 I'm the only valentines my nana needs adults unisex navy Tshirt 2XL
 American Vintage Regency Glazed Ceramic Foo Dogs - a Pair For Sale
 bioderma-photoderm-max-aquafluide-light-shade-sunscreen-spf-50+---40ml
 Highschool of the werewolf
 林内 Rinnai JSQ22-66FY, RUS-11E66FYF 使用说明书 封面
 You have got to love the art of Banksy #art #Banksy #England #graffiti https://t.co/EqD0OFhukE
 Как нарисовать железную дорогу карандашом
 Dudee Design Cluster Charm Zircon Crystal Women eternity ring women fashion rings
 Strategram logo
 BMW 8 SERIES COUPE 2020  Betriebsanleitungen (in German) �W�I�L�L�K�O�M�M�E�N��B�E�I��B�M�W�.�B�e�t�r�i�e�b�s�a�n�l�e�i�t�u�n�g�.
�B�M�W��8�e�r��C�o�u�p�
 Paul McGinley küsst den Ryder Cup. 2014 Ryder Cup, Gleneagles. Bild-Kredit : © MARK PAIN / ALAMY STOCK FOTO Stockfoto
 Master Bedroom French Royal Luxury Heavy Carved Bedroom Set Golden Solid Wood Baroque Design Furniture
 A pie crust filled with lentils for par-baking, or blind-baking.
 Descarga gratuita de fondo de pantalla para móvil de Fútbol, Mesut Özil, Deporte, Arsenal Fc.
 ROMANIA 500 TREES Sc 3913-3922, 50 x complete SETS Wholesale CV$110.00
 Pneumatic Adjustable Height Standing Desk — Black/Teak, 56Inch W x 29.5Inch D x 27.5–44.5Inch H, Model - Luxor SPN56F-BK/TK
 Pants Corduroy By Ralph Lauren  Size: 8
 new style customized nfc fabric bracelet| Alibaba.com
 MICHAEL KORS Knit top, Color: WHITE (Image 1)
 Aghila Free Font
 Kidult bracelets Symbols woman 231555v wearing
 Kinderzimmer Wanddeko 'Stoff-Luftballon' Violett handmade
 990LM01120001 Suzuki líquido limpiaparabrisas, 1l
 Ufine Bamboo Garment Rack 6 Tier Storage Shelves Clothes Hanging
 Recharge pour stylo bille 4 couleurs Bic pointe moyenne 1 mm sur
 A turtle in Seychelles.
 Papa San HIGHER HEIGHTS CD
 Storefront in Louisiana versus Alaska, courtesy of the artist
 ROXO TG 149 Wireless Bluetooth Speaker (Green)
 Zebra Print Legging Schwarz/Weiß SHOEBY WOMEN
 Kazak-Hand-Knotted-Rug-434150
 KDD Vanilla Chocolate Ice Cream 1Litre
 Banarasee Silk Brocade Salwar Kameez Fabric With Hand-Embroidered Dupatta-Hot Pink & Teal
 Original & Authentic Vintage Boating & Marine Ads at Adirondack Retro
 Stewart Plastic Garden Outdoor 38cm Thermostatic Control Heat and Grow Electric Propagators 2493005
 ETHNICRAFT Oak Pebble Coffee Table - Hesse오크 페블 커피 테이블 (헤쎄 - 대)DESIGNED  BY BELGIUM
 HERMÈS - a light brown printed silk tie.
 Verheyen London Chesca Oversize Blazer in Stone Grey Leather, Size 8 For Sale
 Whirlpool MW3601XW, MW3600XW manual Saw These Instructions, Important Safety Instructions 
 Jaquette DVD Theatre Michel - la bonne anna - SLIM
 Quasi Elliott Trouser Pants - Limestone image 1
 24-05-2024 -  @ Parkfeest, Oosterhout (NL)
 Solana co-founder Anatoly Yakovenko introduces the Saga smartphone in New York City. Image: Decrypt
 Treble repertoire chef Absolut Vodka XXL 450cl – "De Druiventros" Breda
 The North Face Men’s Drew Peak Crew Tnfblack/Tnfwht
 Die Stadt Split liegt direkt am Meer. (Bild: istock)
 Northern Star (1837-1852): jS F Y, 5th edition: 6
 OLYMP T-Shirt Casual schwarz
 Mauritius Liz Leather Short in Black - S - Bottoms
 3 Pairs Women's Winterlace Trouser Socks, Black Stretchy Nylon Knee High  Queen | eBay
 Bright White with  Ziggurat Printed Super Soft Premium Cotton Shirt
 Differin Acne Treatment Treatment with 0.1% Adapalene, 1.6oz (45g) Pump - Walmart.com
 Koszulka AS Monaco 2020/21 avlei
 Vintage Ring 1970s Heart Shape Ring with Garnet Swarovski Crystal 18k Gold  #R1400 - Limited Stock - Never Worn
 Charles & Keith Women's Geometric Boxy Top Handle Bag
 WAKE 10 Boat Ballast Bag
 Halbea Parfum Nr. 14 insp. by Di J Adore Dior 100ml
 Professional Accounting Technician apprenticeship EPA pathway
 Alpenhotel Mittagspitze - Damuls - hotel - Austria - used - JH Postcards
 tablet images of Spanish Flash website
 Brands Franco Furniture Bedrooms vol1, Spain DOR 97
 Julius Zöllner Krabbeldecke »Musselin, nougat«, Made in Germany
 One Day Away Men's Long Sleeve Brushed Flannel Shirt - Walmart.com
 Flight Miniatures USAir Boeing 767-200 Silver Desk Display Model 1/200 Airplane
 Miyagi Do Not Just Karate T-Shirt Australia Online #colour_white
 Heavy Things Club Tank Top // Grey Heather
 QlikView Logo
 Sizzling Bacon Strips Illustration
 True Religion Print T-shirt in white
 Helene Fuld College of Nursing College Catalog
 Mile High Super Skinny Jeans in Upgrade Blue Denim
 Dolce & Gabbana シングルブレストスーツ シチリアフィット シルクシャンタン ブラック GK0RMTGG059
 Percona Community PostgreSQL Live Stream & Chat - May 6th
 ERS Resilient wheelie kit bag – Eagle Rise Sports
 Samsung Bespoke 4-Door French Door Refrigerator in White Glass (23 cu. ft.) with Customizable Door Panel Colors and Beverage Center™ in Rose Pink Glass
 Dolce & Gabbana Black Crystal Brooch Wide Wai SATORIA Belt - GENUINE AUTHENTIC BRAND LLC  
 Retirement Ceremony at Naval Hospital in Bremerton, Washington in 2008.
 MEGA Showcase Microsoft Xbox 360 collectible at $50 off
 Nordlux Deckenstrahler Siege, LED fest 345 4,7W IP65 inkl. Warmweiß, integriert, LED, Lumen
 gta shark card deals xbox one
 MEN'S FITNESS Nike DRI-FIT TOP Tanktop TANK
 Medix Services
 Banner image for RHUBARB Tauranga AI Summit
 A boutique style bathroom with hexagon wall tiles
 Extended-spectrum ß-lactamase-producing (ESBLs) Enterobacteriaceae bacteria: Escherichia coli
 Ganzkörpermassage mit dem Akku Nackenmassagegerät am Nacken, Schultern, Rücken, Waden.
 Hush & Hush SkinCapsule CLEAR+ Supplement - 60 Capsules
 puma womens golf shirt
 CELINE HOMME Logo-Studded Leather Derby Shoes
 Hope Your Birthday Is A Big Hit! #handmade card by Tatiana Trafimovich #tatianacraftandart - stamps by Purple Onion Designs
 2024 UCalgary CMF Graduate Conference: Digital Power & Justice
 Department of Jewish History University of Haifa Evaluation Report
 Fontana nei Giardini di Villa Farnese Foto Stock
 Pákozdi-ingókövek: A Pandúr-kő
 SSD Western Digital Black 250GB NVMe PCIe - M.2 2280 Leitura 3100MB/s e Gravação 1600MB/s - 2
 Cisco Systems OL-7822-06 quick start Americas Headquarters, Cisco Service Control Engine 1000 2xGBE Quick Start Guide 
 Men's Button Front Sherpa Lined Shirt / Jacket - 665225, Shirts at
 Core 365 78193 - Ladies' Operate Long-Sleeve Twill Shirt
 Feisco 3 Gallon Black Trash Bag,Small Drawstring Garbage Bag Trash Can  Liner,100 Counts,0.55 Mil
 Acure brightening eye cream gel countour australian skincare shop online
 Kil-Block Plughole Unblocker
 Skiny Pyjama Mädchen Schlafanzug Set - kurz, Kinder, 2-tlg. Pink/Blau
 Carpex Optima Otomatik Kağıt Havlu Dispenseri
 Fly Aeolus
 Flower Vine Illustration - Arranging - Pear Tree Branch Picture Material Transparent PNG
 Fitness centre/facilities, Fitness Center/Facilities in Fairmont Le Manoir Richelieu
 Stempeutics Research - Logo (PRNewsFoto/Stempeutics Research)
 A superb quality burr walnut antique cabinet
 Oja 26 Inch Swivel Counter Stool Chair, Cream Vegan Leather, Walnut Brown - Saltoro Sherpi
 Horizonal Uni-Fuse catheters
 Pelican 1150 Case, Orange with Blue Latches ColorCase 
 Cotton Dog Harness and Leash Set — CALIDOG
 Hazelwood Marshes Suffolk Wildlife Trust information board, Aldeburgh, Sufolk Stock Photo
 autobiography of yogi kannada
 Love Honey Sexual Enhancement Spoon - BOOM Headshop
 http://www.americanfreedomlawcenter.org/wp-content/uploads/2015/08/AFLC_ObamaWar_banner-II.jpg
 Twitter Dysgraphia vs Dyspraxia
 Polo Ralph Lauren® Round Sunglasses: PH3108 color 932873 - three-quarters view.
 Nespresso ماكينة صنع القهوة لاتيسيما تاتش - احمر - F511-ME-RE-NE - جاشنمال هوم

#### [Problem]
State the number of lines in the listing that include the word "Digital", without any other text.

#### [Response to the task]
2